With the scheduled closing deadline for the home buyer tax credits, existing-home sales slowed in June but remained at relatively elevated levels, according to the National Association of Realtors®.
Nationally, existing-home sales, which are completed transactions that include single-family, townhomes, condominiums and co-ops, fell 5.1 percent to a seasonally adjusted annual rate of 5.37 million units in June from 5.66 million in May, but are 9.8 percent higher than the 4.89 million-unit pace in June 2009.
Lawrence Yun, NAR chief economist, said the market shows uncharacteristic yet understandable swings as buyers responded to the tax credits. “June home sales still reflect a tax credit impact with some sales not closed due to delays, which will show up in the next two months,” he said.

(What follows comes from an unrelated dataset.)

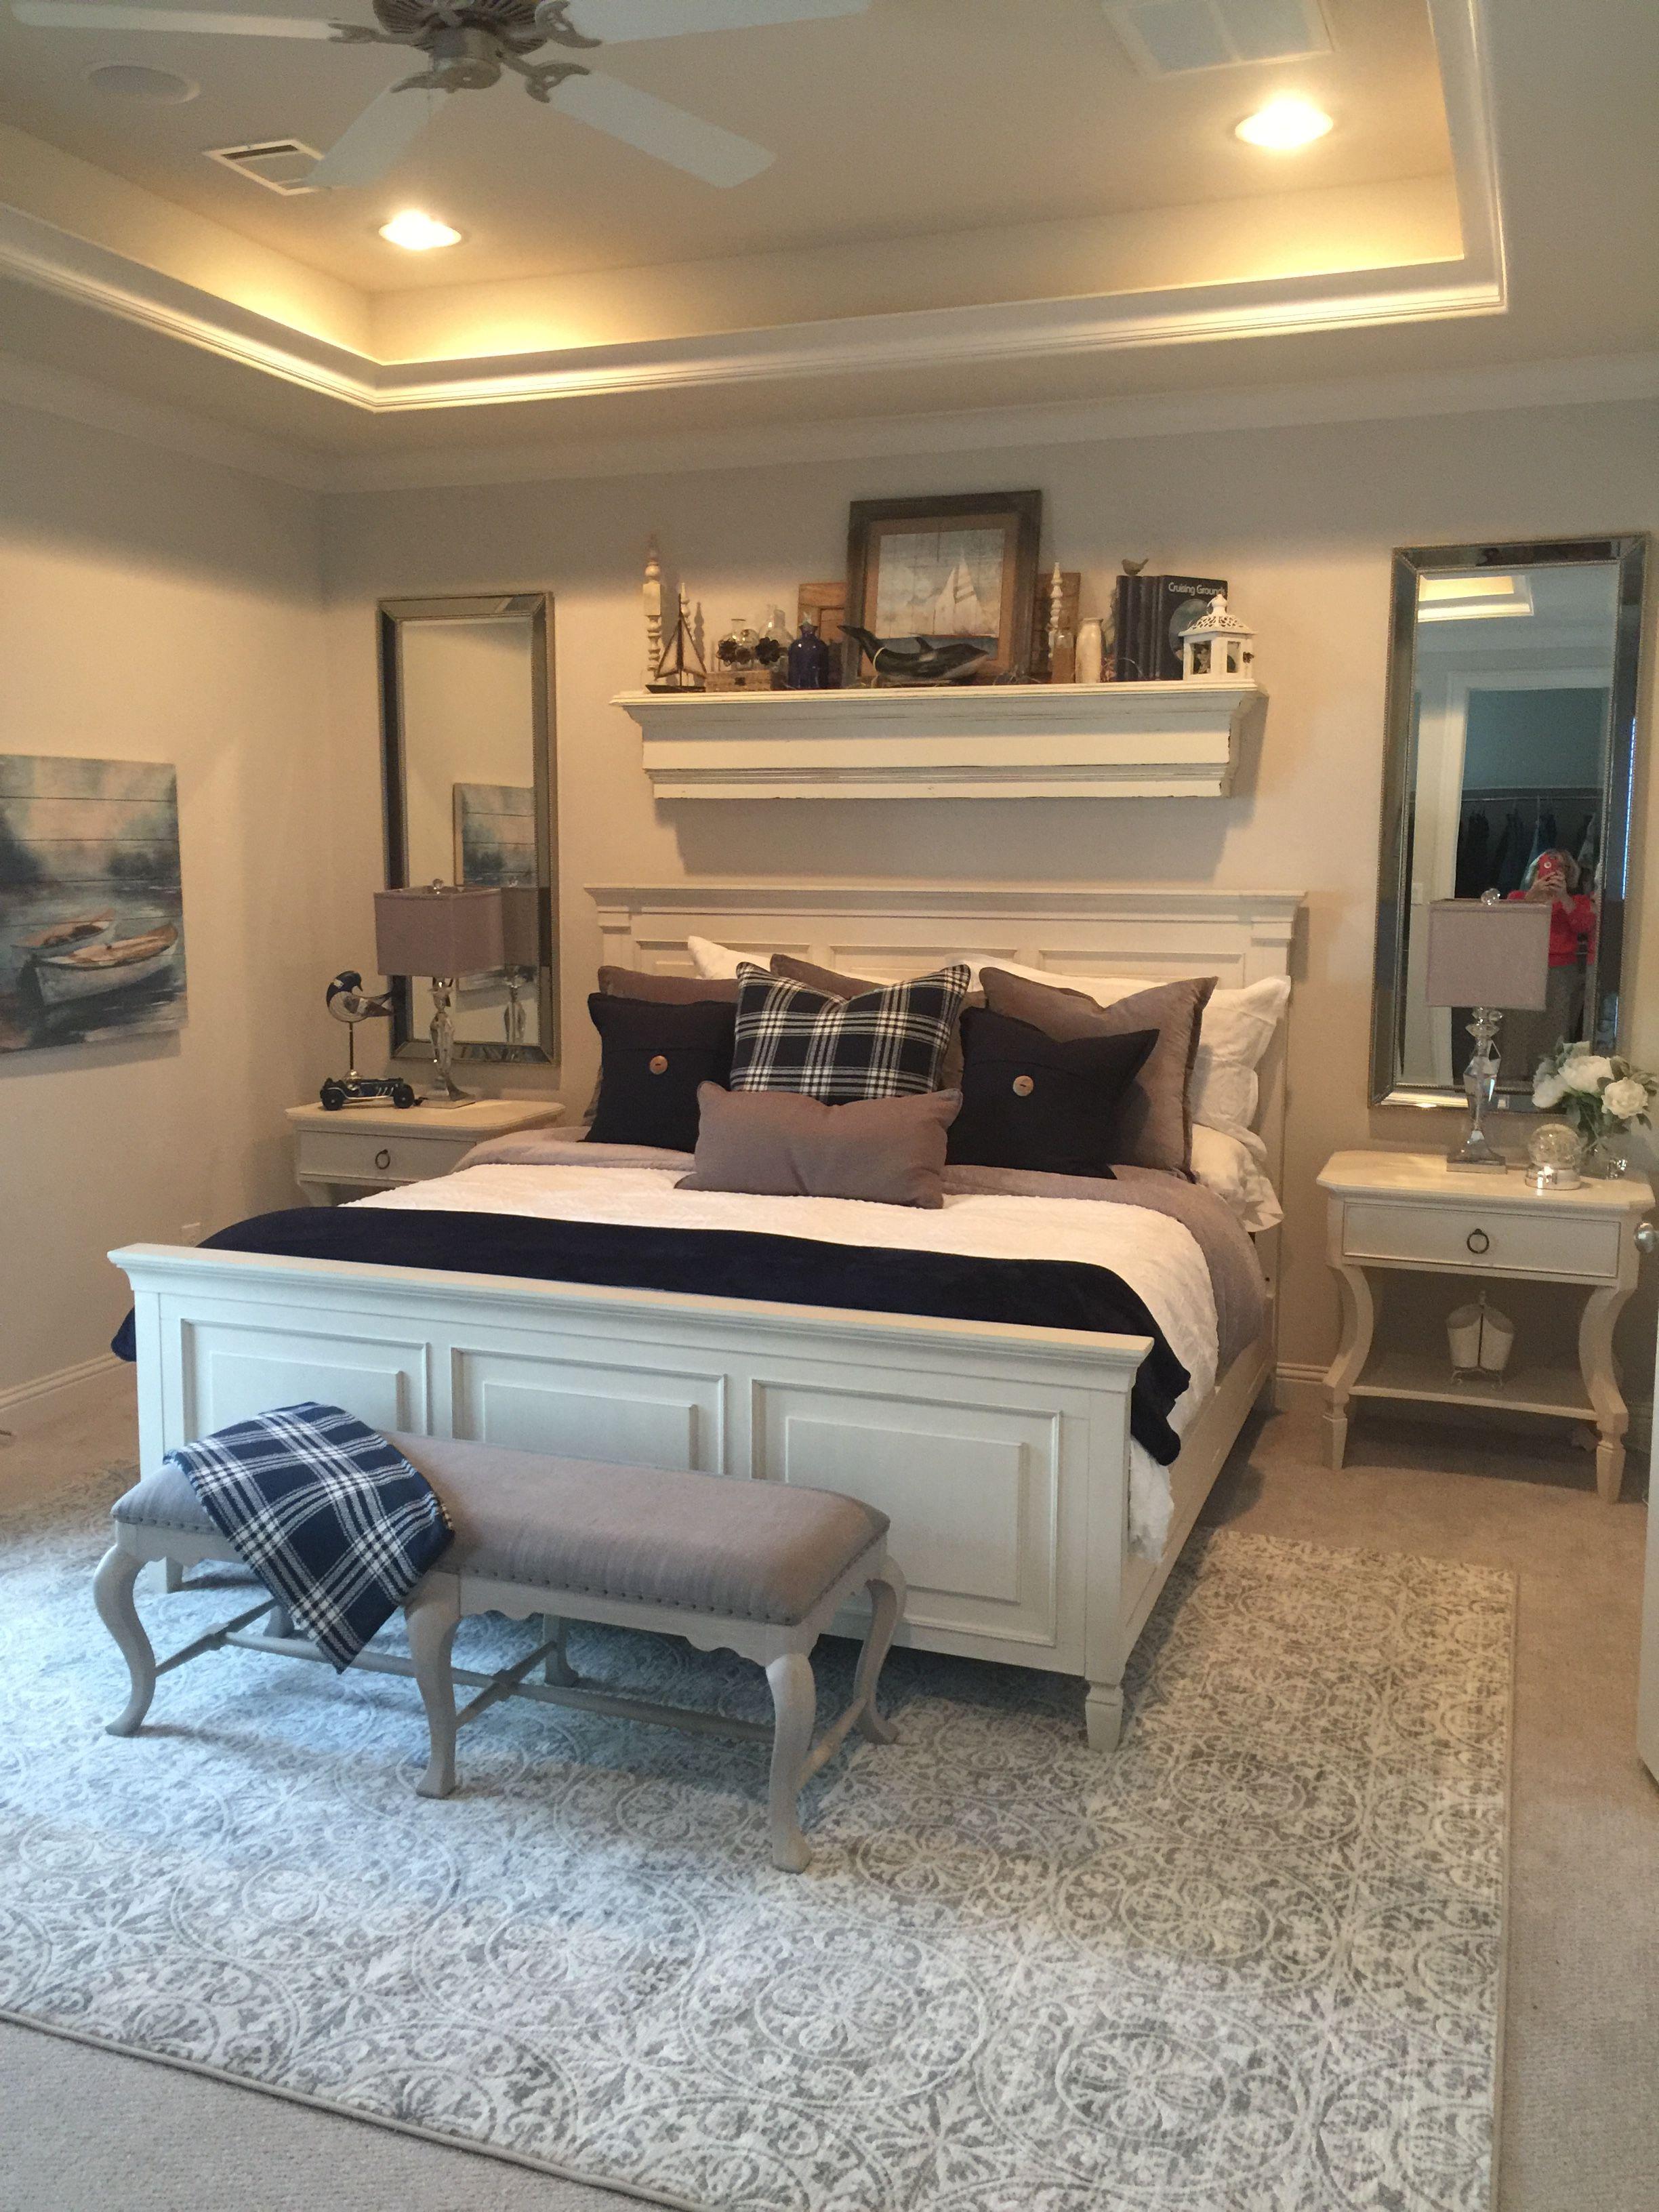 Coastal farmhouse glam master bedroom. This was a fun

“Broadly speaking, sales closed after the home buyer tax credit will be significantly lower compared to the credit-induced spring surge. Only when jobs are created at a sufficient pace will home sales return to sustainable healthy levels.”
Home sales in June improved from the same month in 2009 by more than 10 percent. During June, there was an increase in closed sale figures in six of the seven MLS areas in the greater Albuquerque metro.
“Pending sales were down from last year, but that was expected as potential home buyers who would have waited until the summer, instead took advantage tax credit which ended on April 30,” said Mark Pando, President of the Greater Albuquerque Association of REALTORS®.
There were 723 closed home sales in June, down one percent from May. “Those sales generated $158.9 million dollars in total sales volume,” Pando said. “We have seen the total sales volume improve each month of 2010.”